Медведь идет на запах, рад и не рад халяве. Пожирает падаль, еще не понимая в прямом смысле этого: бесплатный сыр только в западне. Вот и он — в петле и при бревне. И остается ему только неизбежное: бревно на плечо и, как каторжник, в тайгу, к медведице. Но до медведицы ли с таким пихтовым или лиственничным подарком на горбу. Вот так и добыл Егор Тадыгешев своего очередного медведя. По шорской заведенке отхлестал его прутом, молодой березкой: мол, я тебя не трогал. Сам, сам виноват. Сам убился. Жадный, однако. Полез на кедр за шишками, но неловкий, старый, сорвался. Такой большой, тяжелый, грохнулся на землю и сразу помер. А мне тебя, старший брат мой азыг (медведь по-шорски), жалко, жалко.
Посожалел, погоревал над своим счастьем Егор Тадыгешев. И был готов уже выправиться за конем, чтобы доставить своего неосторожного и неловкого брата в лагерь. Но приметил неподалеку ручей. Не сказать, чтобы броский и привлекательный. Обычный, но как говорят, удача к удаче. Что-то все же подсознательно сработало в голове у Егора: однако ничего ручеина — дно крупнопесчаное. Промыта водой до кварцевого проблеска в глазах, и вода приглашает к разговору. А у Егора всегда на всякий случай при себе, мало ли что, золотопромывочный лоток — шорцы народ предусмотрительный, как древние латиняне: все свое носят с собой. Просто так за чем-то только одним из дому не выходят, совсем, словно полешуки, имеющие всегда при себе что- то про запас, — мало ли что может случиться и понадобиться вдали от жонки и родного дома.
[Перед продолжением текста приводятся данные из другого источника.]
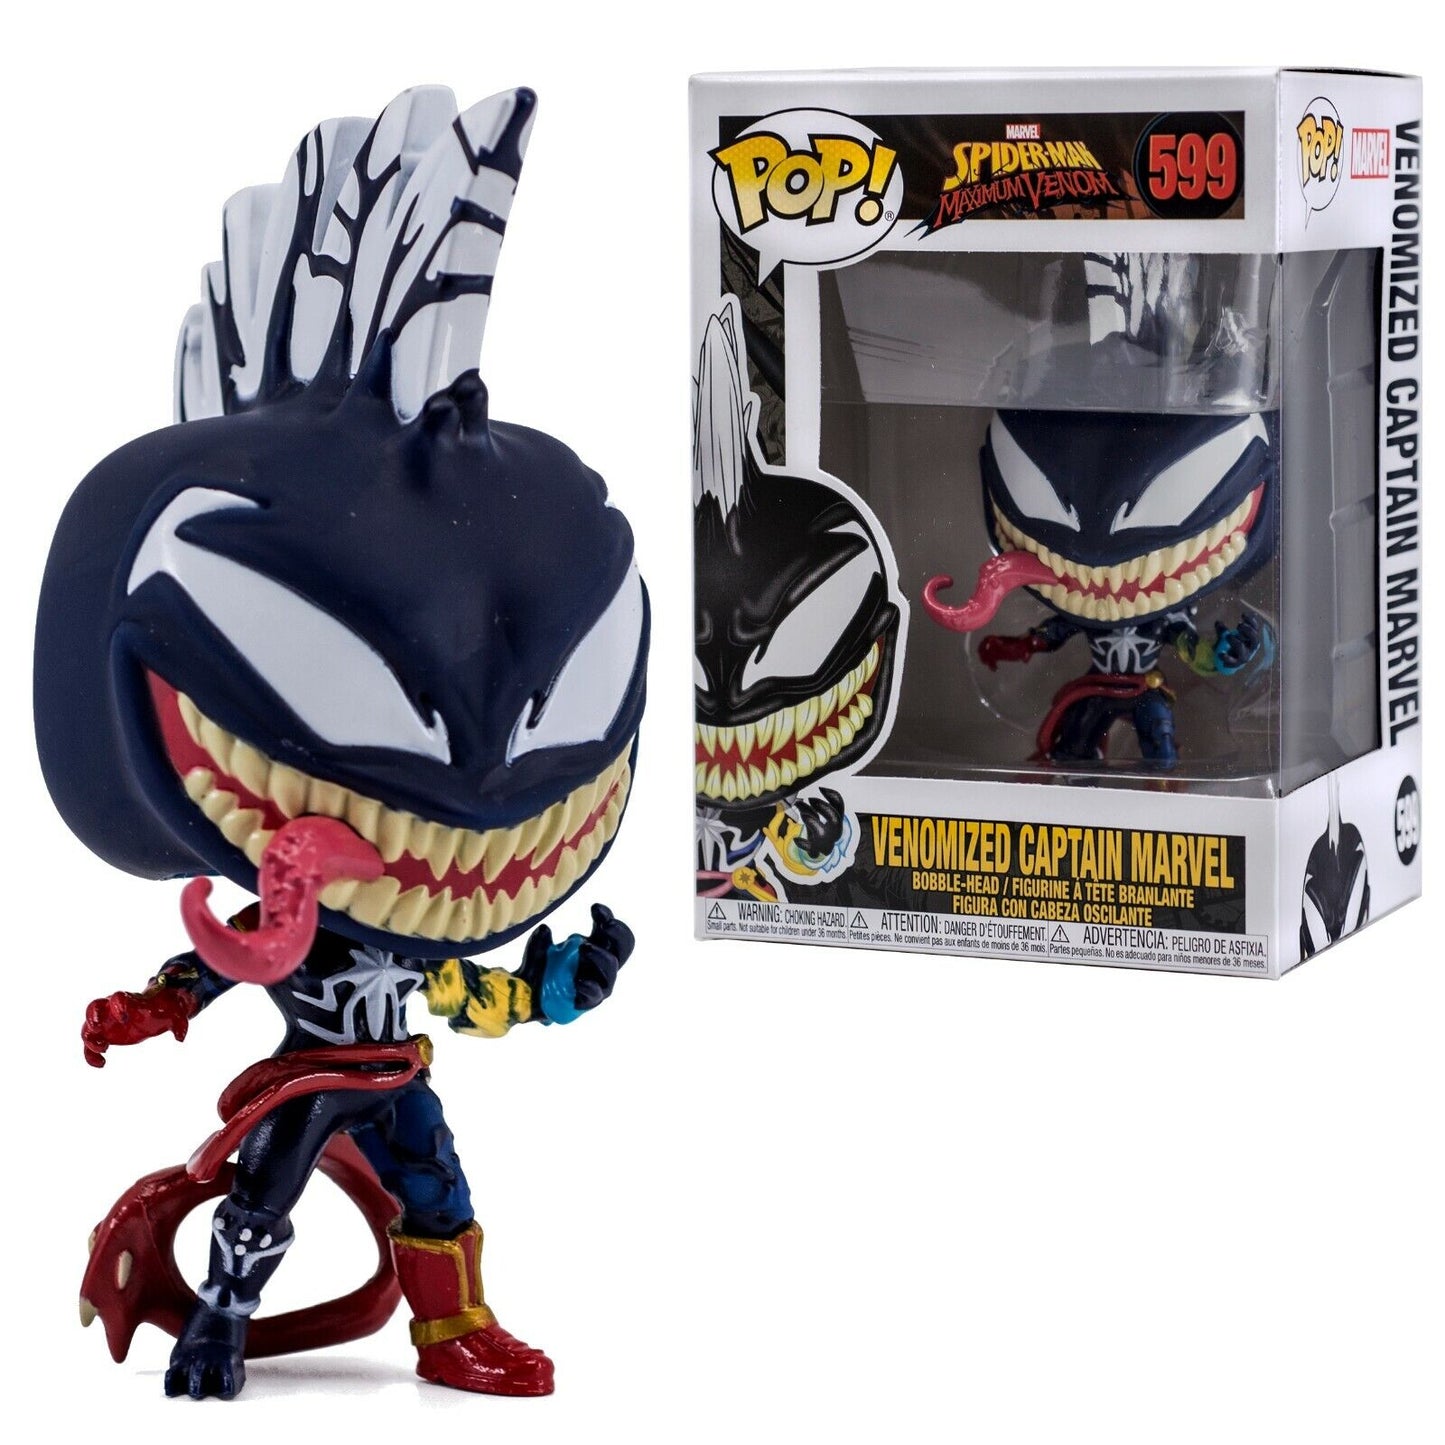 Funko Pop! - Spider-man Maximum Venom - Venomized Captain Marvel - 599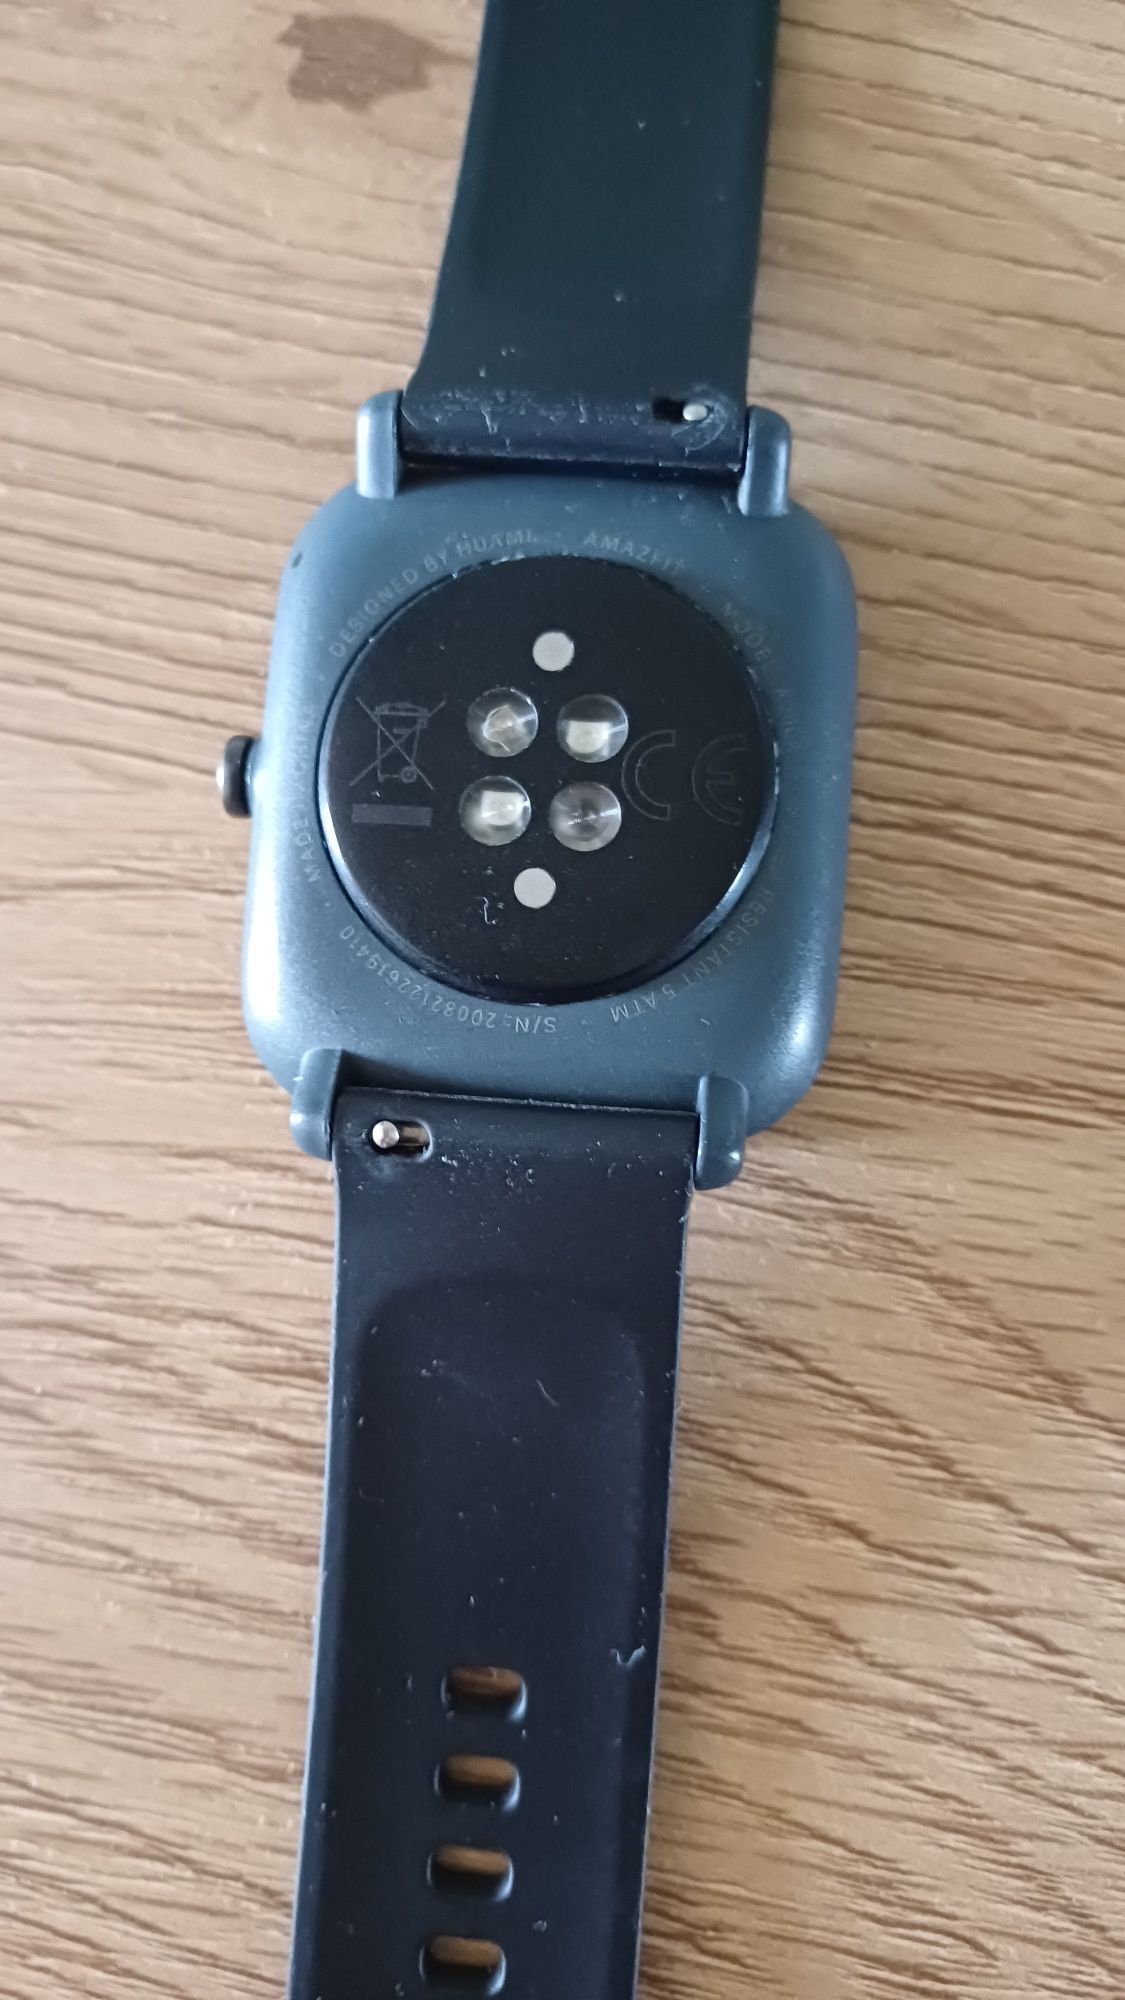 Смарт часы Amazfit Bip U Pro с GPS + 4 ремешка в подарок

Весь еще в лихорадке удачной охоты, Егор принялся промывать песок. И впечатлился. Сразу же пошло золото. Таким образом, наш немногочисленный горнопроходческий отряд перебросили с меди на золото. И это не разовый случай неожиданного фарта коренным шорцам. Железорудное месторождение Шерегеш, сегодня всей стране известный горнолыжный комплекс для толстосумов, было открыто местным жителем, шорцем, у которого в подполе мерзла картошка: нехороший камень, посетовал он геологам, очень холодный, однако. Холодный камень оказался железной рудой, железом почти без примесей.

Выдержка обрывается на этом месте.